Author contributions
G.D. designed and supervised research. N.A. carried out site-directed mutagenesis, produced and purified all the recombinant proteins of this study, performed in vitro experiments, and analyzed protein sequence and tridimensional models. S.P. and N.A. conducted negative-staining EM. M.M. and S.L-G conducted cell biology experiments using light and electron microscopy. A.L., J.D., and A.A.A. performed cryo-electron microscopy with N.A. R.G. ran MD simulations. All the authors analyzed the data. G.D. wrote the manuscript. All of the authors discussed the results and commented on the manuscript.
Data Availability
Raw data and source code are available from the corresponding author(s) upon reasonable request.
Competing interests
The authors declare no competing interests.
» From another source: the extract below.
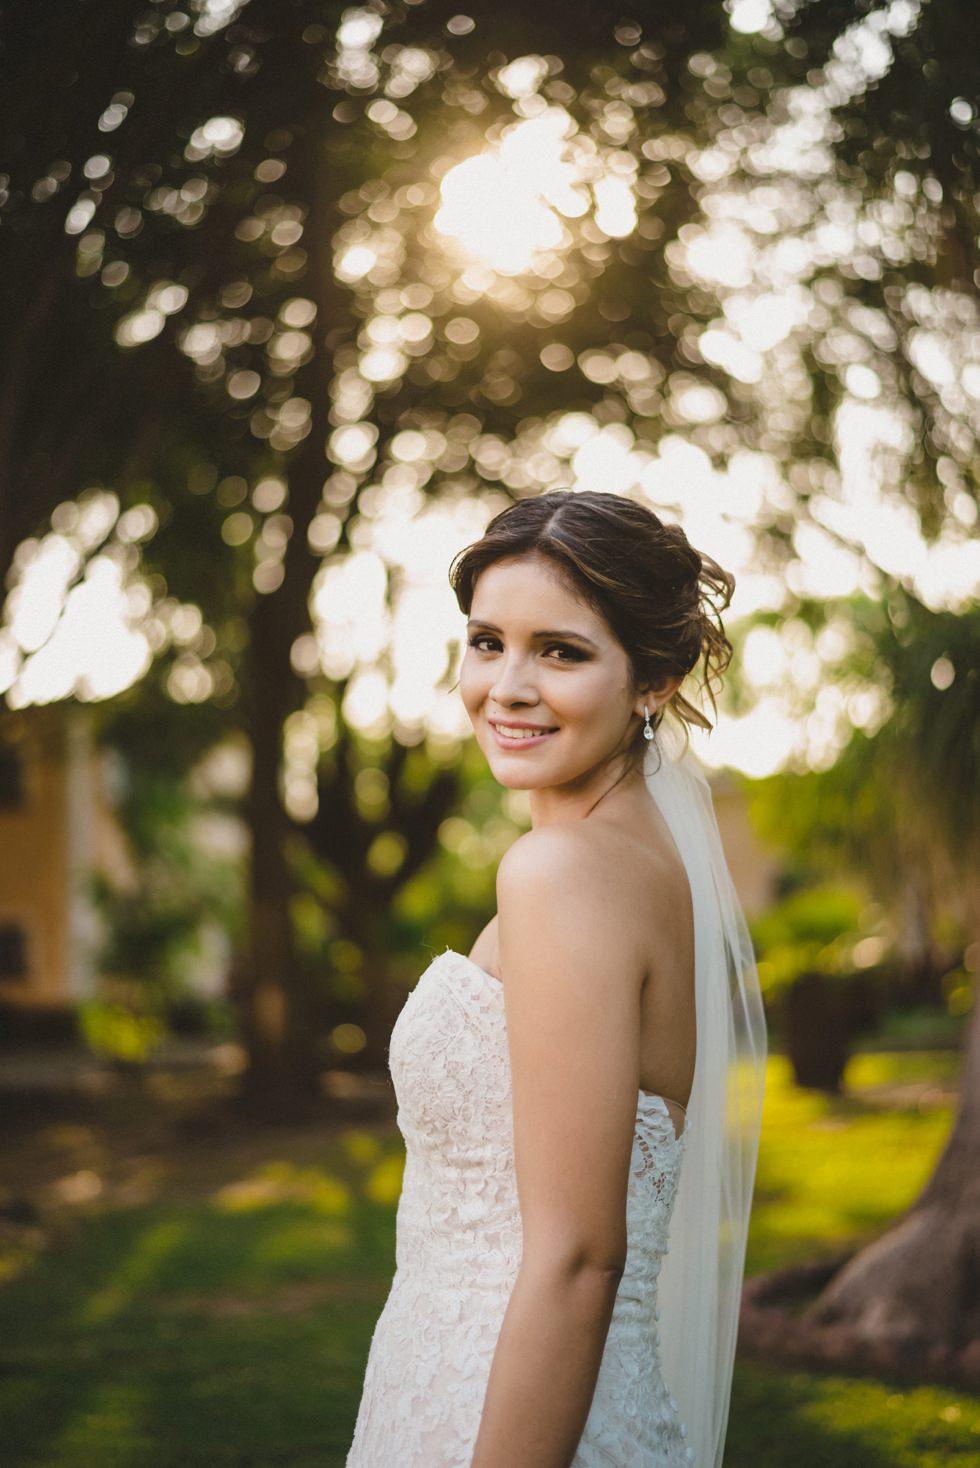 weddingdreams-fotografos_profesionales_de_bodas_1571.jpg

Supplementary Movie 1. One example of an all-atom MD simulation of TgREMIND[72 to 838]. The length of the simulation is 250 ns. The protein is represented in a ribbon mode with the α-helices in purple, the 310 helices in blue, and the β-strands in yellow.
Acknowledgments
We thank Dr. J.C. Stachowiak and Drs. S. Zinn and S. Tomavo for plasmids and initial purification protocols. NA and this work were supported by an ANR-19-CE44-0006 grant from the Agence Nationale de la Recherche. The authors acknowledge the Electron Microscopy facility CCMA (Centre Commun de Microscopie Appliquée) from the « Université Côte d’Azur », part of the « Microscopie Imagerie Côte d’Azur » GIS IBiSA labeled platform, supported by Université Côte d’Azur, the “Région Sud » and the Département 06. The authors also acknowledge financial support from the CNRS-CEA network for transmission electron microscopy and atom probe studies (METSA, FR CNRS 3507) on the LPS cryo-EM platform. This work was supported by State aid under France 2030 (PhOM -Graduate School Physique) with reference ANR-11-IDEX-0003.